Have anyone tried to extract the encryption key from a SSD?

Question

After reading this forum thread it does not sound like encrypted SSDs provide much protection at all - specifically encryption only occurs between the controller chipset and the NAND storage.

Why is this? Is this a usual disk encryption design? Are there any studies of encrypted SSD hardware? What are the weaknesses and limitations of such a setup, if any? I am particularly interested in key extraction from the controller - is this possible? Is it even necessary, as taking the hard disk in its entirety to another system should mean it is still readable?

Answer 1

Such encryption can be useful to implement a "wipe everything" feature. It is difficult to securely erase things from a SSD (it is already not totally easy with a classic magnetic hard disk, but internal features of the SSD, in particular wear-leveling, make it almost impossible to totally remove all data). With encryption, the problem is much reduced: it is only a matter of erasing the key (and choosing a new one), a mere 128 bits, compared to a dozen gigabytes.

Outside of this secure wipe thing, disk encryption as you describe makes no sense security-wise, because one may assume that an attacker stealing the disk will get the controller with it, including the key... unless the controller does not have the key. This may be a "password-protected disk" in which the encryption key is derived from a password entered at boot-time. If the encryption key is not permanently stored in the disk itself, then encryption at the controller level makes sense because there is little point in doing that in the CPU, unless the attack model supposes that the attacker can spy on the SATA bus. In the realistic model where the attacker is someone who steals the disk (or the whole laptop -- it has better be shut down, not merely put in sleeping mode !), disk encryption is about keeping confidentiality of the data as itself, so encryption has to occur "somewhere" before actual storage, but it can be in the controller.

Of course, nothing says that the encryption is done properly. It is not exactly trivial to go from AES, an algorithm which encrypts 128-bit blocks, to a system which encrypts a whole disk, without leaking information on the encrypted data, while still allowing random read and write access. At least, the "attacker steals the powered down laptop" makes things relatively simple: we do not have to fear active attacks (the attacker does not give the laptop back) and there is no concern about chosen plaintext/ciphertext attacks as well. A simple CTR mode would be fine (I am not claiming that's what any SSD does, only that it would be how I would do it myself).

Answer 2

Caution: You are jumping to unwarranted conclusions. The correct conclusion to draw from that forum thread is that one commercially available SSD implements encryption in a stupid way. This by no means implies that all SSDs are flawed or that encryption on SSDs is always pointless.

Detailed answer: There are two kinds of disk encryption: hardware encryption and software encryption.

The difference is in where the encryption is performed. Either can be used securely, as long as it is designed and implemented appropriately. (The OCZ implementation referred to in the forum thread you linked to apparently was not designed and implemented appropriately.)

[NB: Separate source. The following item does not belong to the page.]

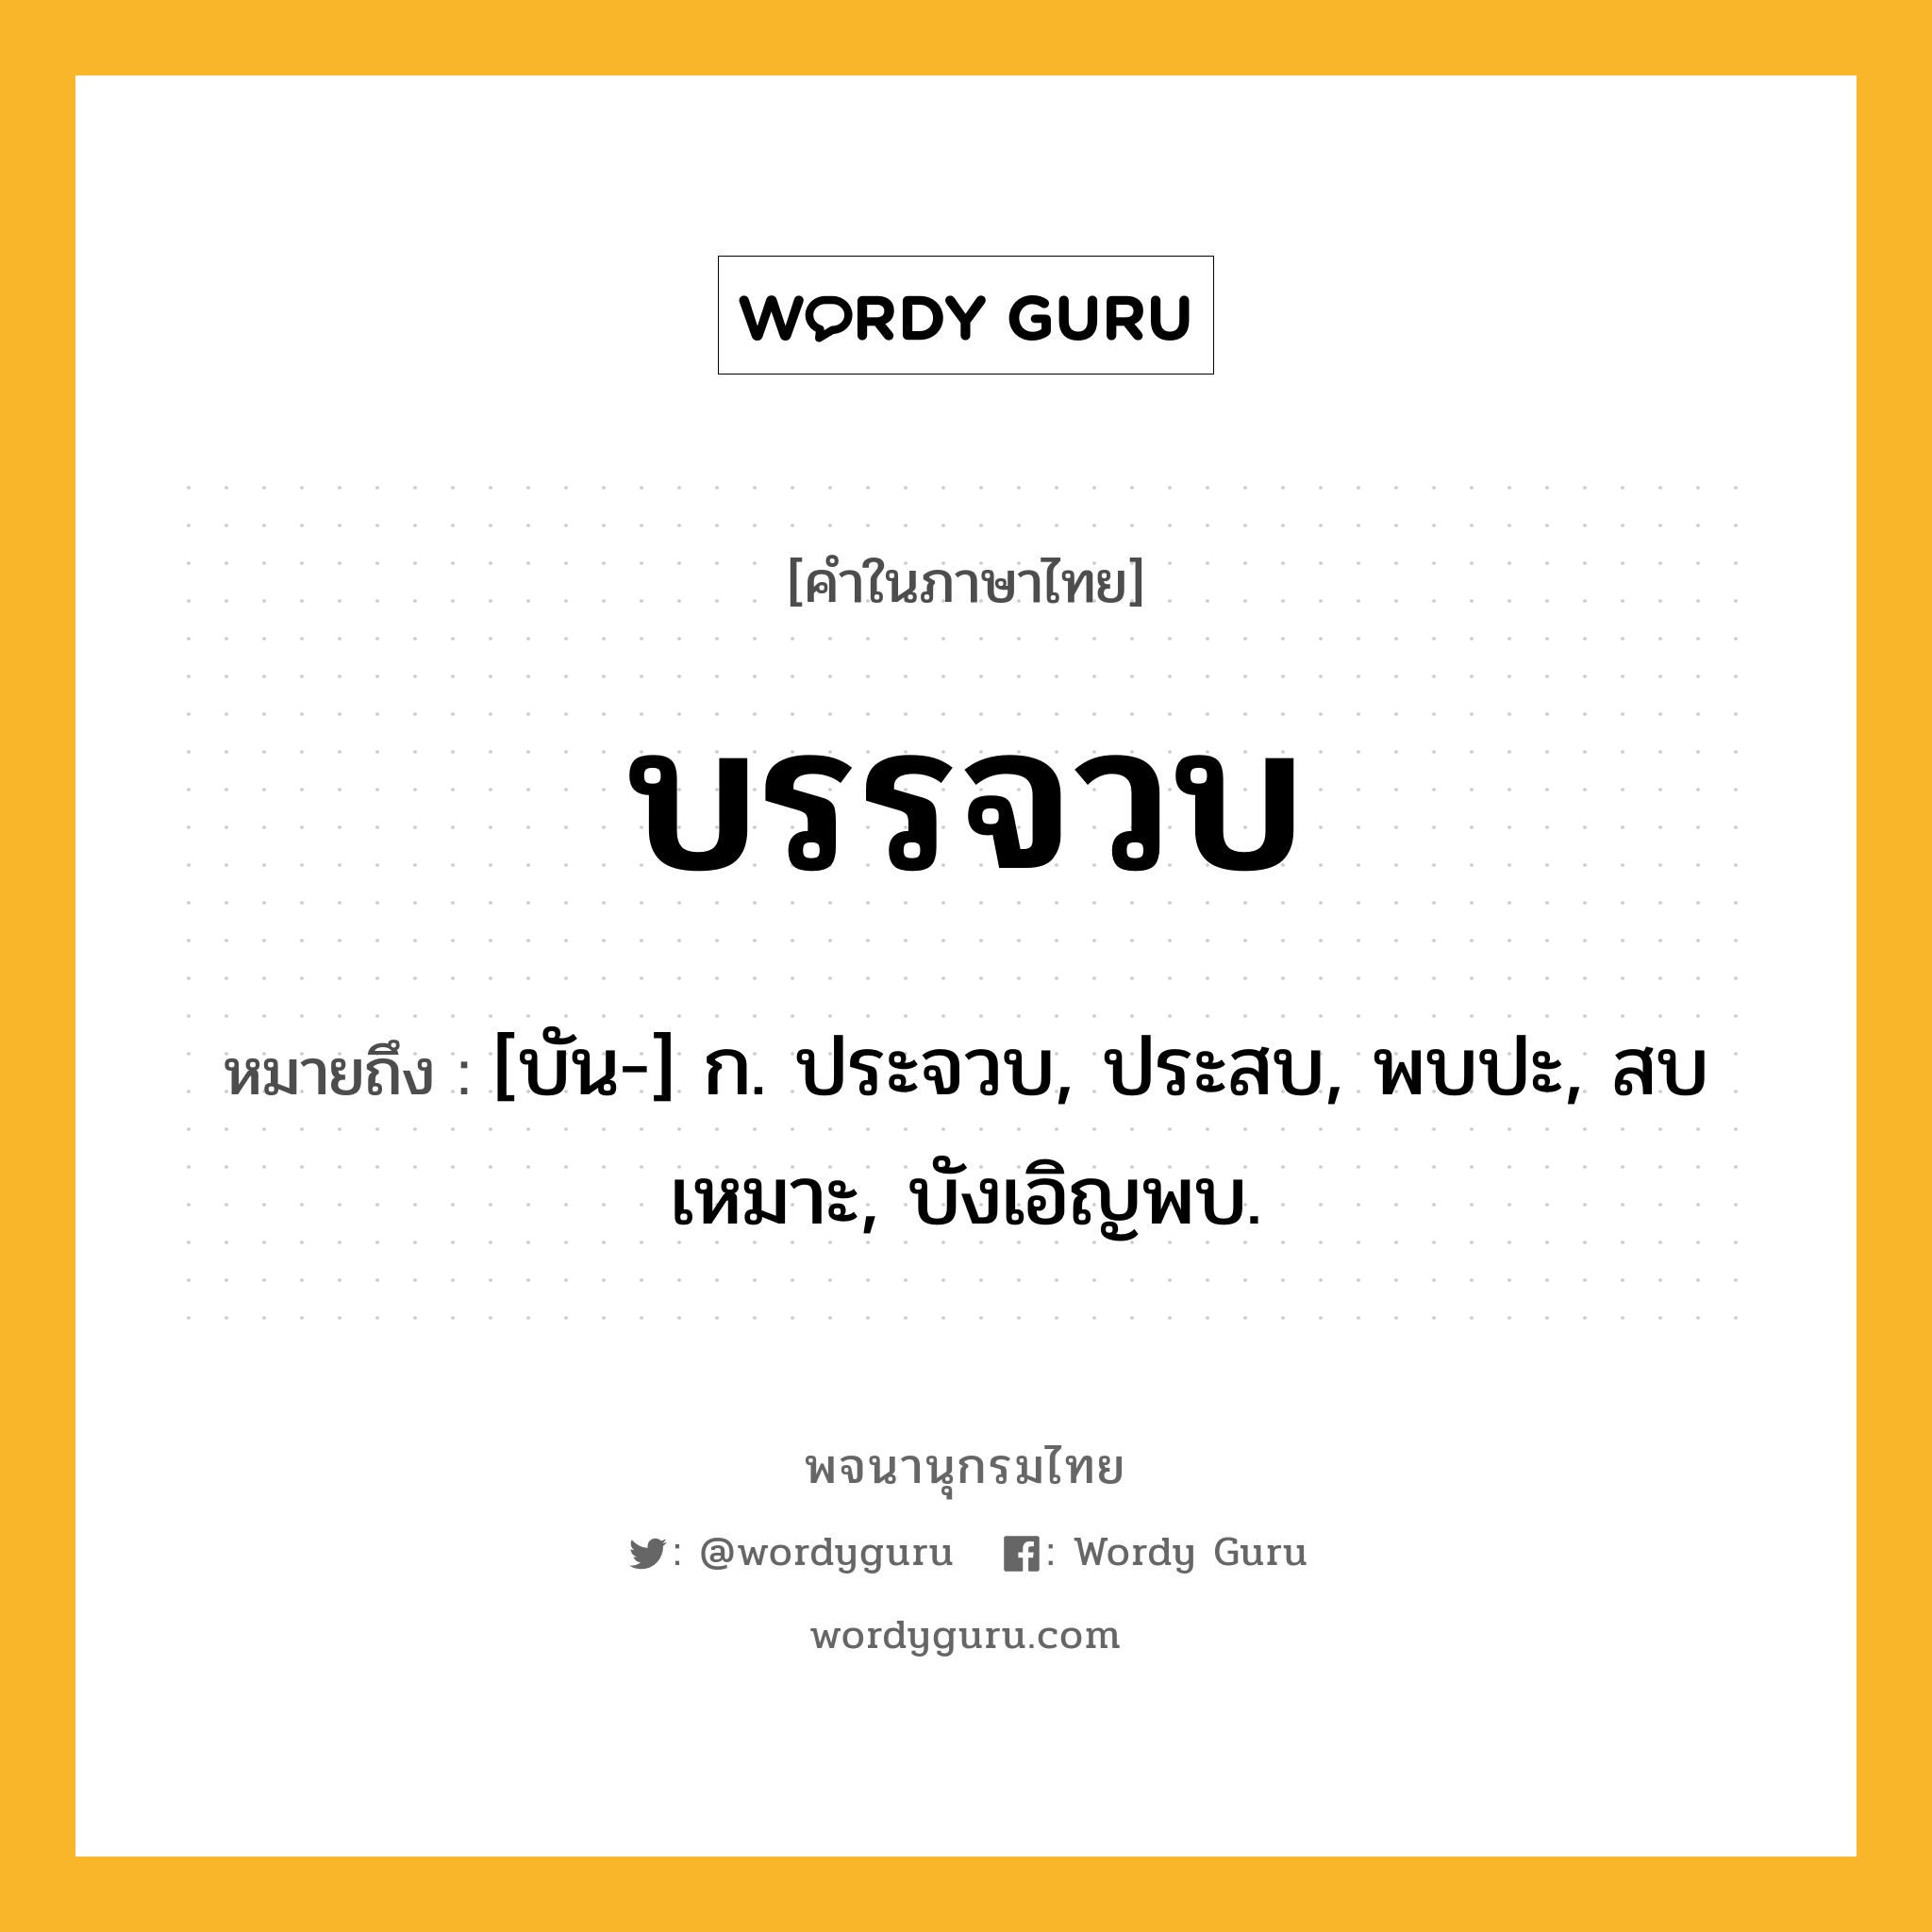 บรรจวบ ความหมาย หมายถึงอะไร?, คำในภาษาไทย บรรจวบ หมายถึง [บัน-] ก. ประจวบ, ประสบ, พบปะ, สบเหมาะ, บังเอิญพบ.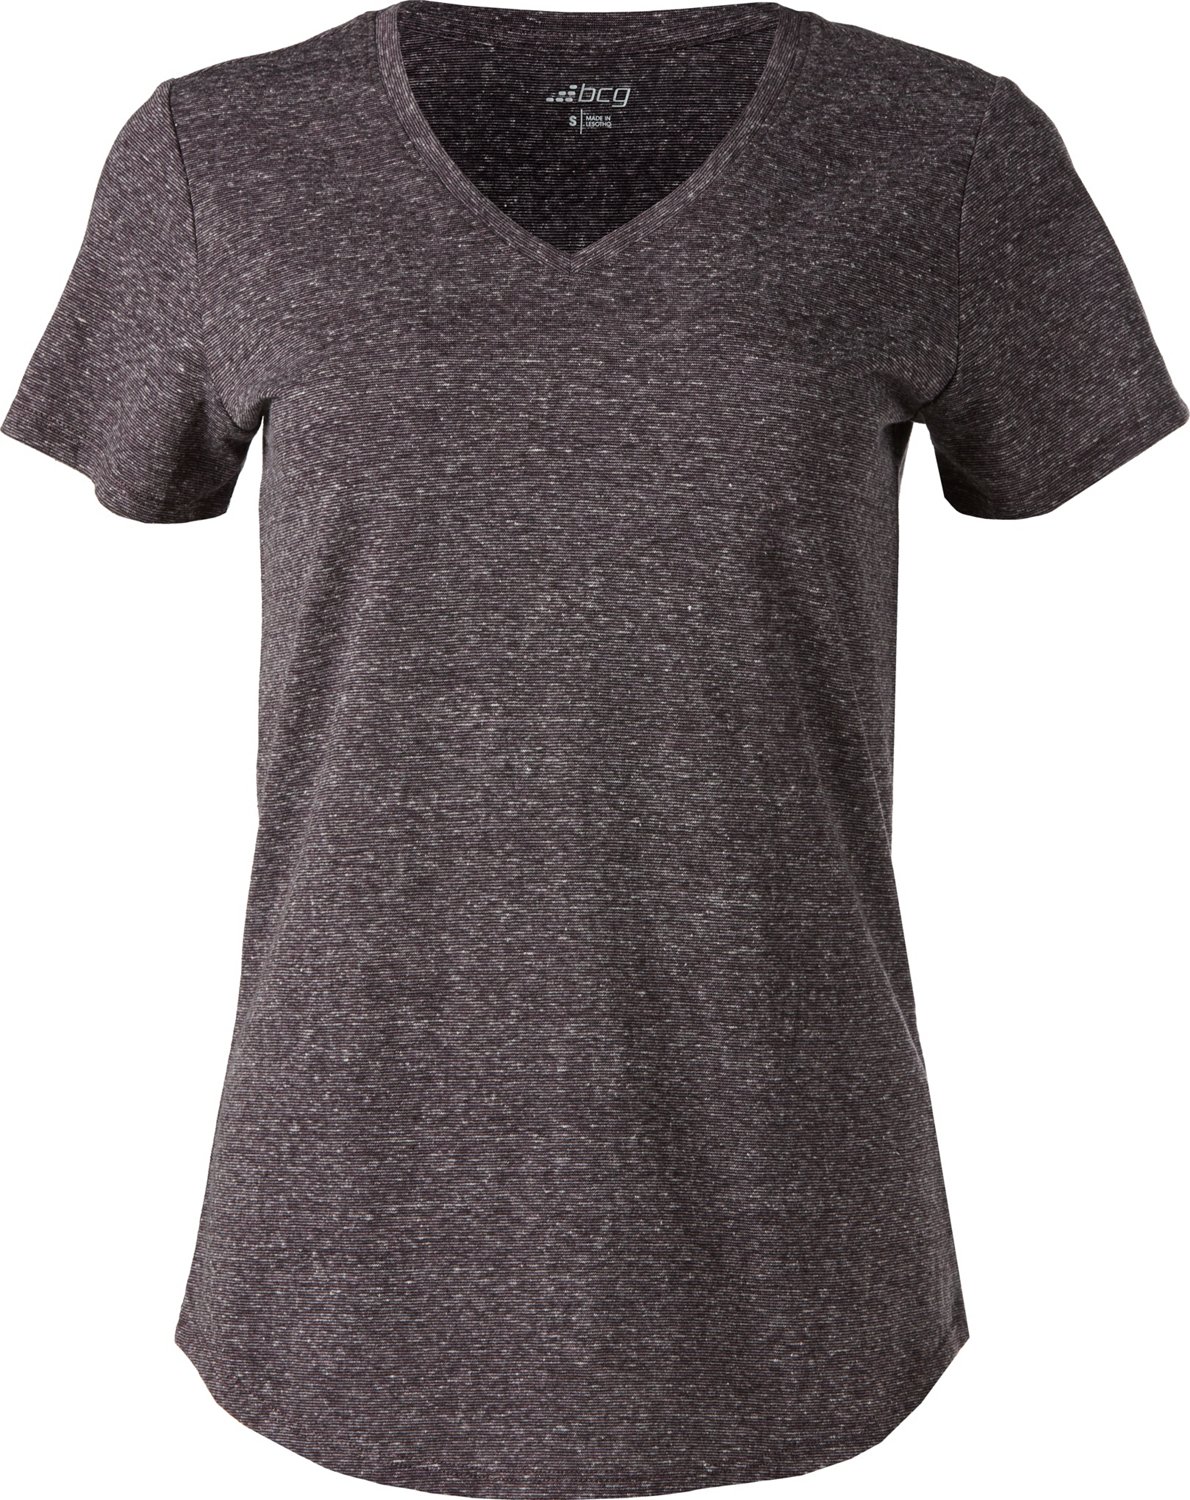 BCG Women's Texture Signature Short Sleeve T-shirt | Academy

Software encryption is the easiest to set up and use, from a user's perspective. There are several software products that will perform the full-disk encryption for you, at the software level. For instance, Truecrypt is well-regarded, and PGP also has a well-regarded product. These systems are compatible with SSDs and can be used to encrypt data stored on the SSD. The key is derived from a passphrase that the user enters in, and the key is not stored on the SSD, so there is nothing to extract from the SSD and no way for someone who gains physical access to your SSD to get at your key or data (except by guessing your passphrase).

Hardware encryption requires support from the drive and/or its controller. It is possible to implement hardware encryption in a secure way. For instance, the user can enter a passphrase, and the passphrase can be communicated to the hardware (but never stored in persistent storage) to use as a key for encryption. Unfortunately, there is a history out there of some drive manufacturers who advertise hardware disk encryption, but implement it in a dumb way that negates the security advantages, so it is buyer beware here.